Tesla Inc was reported on Monday to be making 2,000 of its Model 3 sedans per week as shares of billionaire Elon Musk's electric carmaker slid, driven by news a crash in California had involved its semi-autonomous autopilot.

Musk told employees in a company-wide email cited by auto industry blogs on Monday that Tesla had just passed the 2,000 per week rate for the Model 3, a cheaper vehicle seen by analysts as crucial to the company's long-term profitability.

That was short of Tesla's own 2,500 per week target for the end of March, but a big increase on the 793 Model 3s that the company built in the final week of last year. It produced 2,425 of the cars in the entire fourth quarter.

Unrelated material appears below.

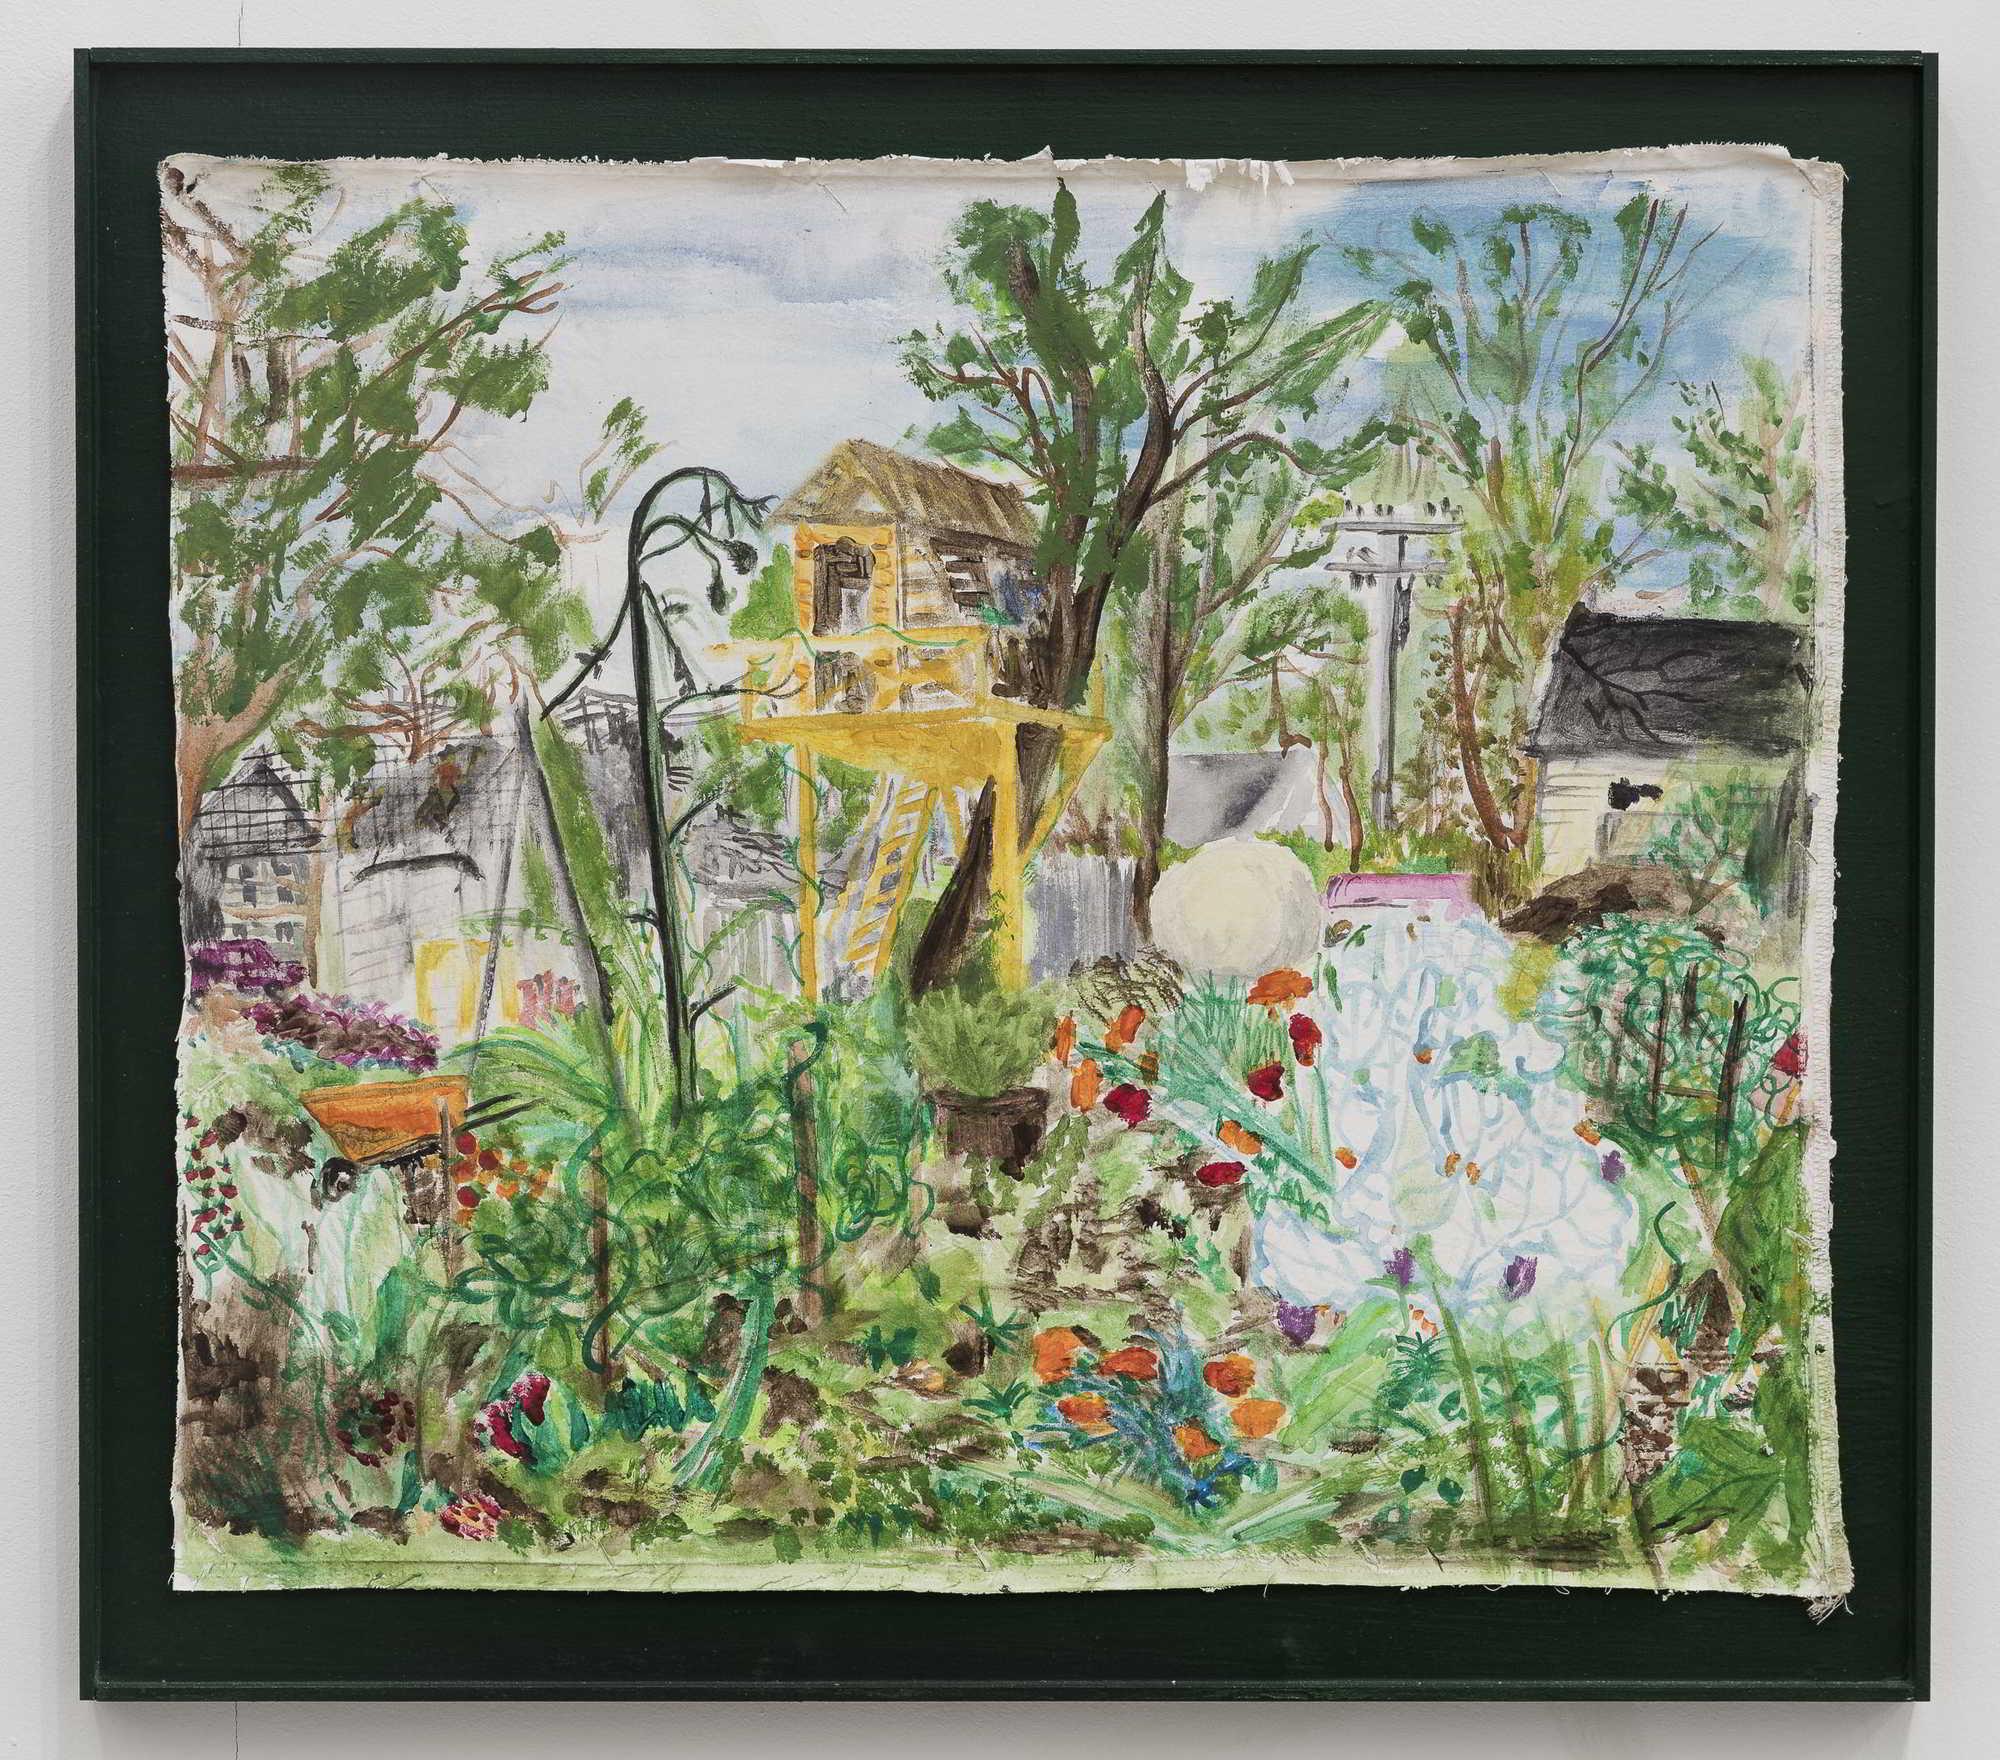 AnnaMcCarthy, Deanu0027s Arm + Garden_Detroit, 2017, Acryl On Fabric In Artists  Frame, 57x64cm
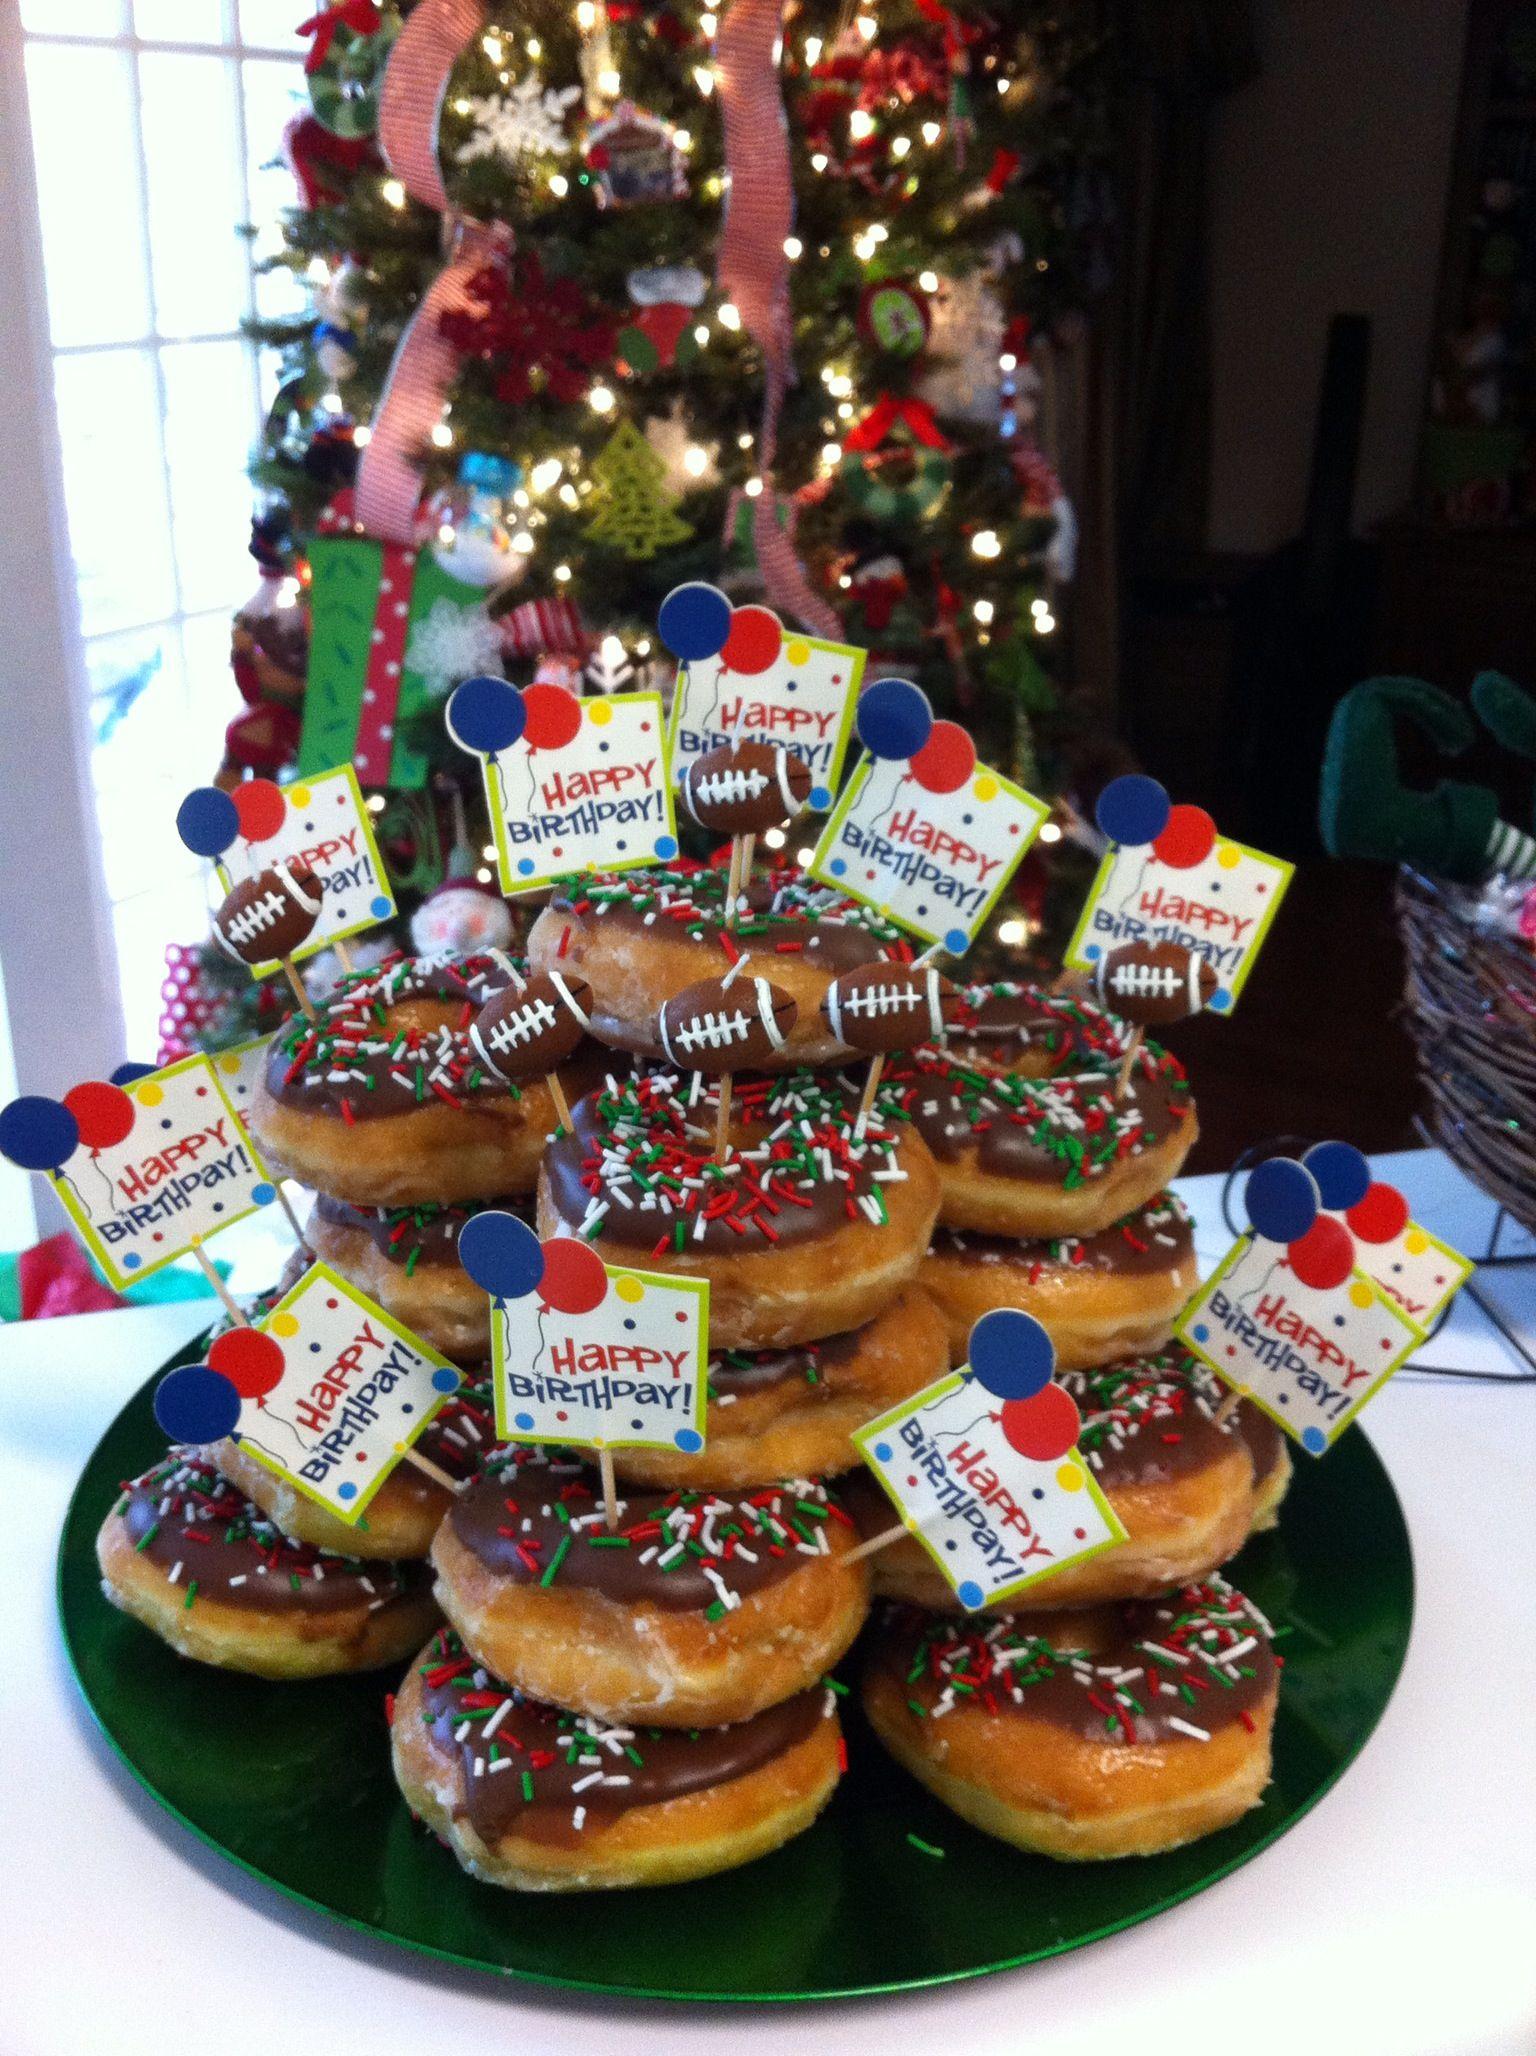 Doughnut birthday cake made using 2 dozen krispy kreme

Tesla shares recovered around half of an 8 percent loss as the reports filtered into the market, but were still down more than 5 percent by 1:30 pm ET.

The company declined to comment on the reports.

Shares of Musk's $50-billion dollar venture have been reeling from a triple whammy of probes into the crash, concerns about Model 3 production and nerves over its debt load after a credit downgrade by rating agency Moody's.

With share prices falling across the board in a grim few weeks for US technology majors, Tesla's shares are now down 19 percent this year.

The company's lone outstanding junk bond, worth $1.8 billion and maturing in 2025, briefly dropped two points to as low as 85 cents on the dollar for a yield of around 8 percent on Monday, according to MarketAxess data.

‘It is a combination of a bunch of things (for Tesla) - it is still news of the crash and news that a crash like that is a setback for that autonomous part of the industry,’ said Ken Polcari, director of the NYSE floor division at O’Neil Securities in New York.

Tesla says it has about 500,000 advance reservations from customers for the Model 3, but manufacturing bottlenecks since the vehicle began to be built last July have delayed production and deliveries to customers, exacerbating Tesla's need for cash.

Failure to meet targets and pressures on funding prompted the downgrade last week by Moody's, which said Tesla was likely to raise more than $2 billion in new capital, partly to cover about $1.2 billion in convertible bonds due by March 2019.

Musk made light of the company's financial situation on April 1, joking in a tweet that Tesla had gone bankrupt.

‘Despite intense efforts to raise money, including a last-ditch mass sale of Easter Eggs, we are sad to report that Tesla has gone completely and totally bankrupt. So bankrupt, you can't believe it,’ the tweet said.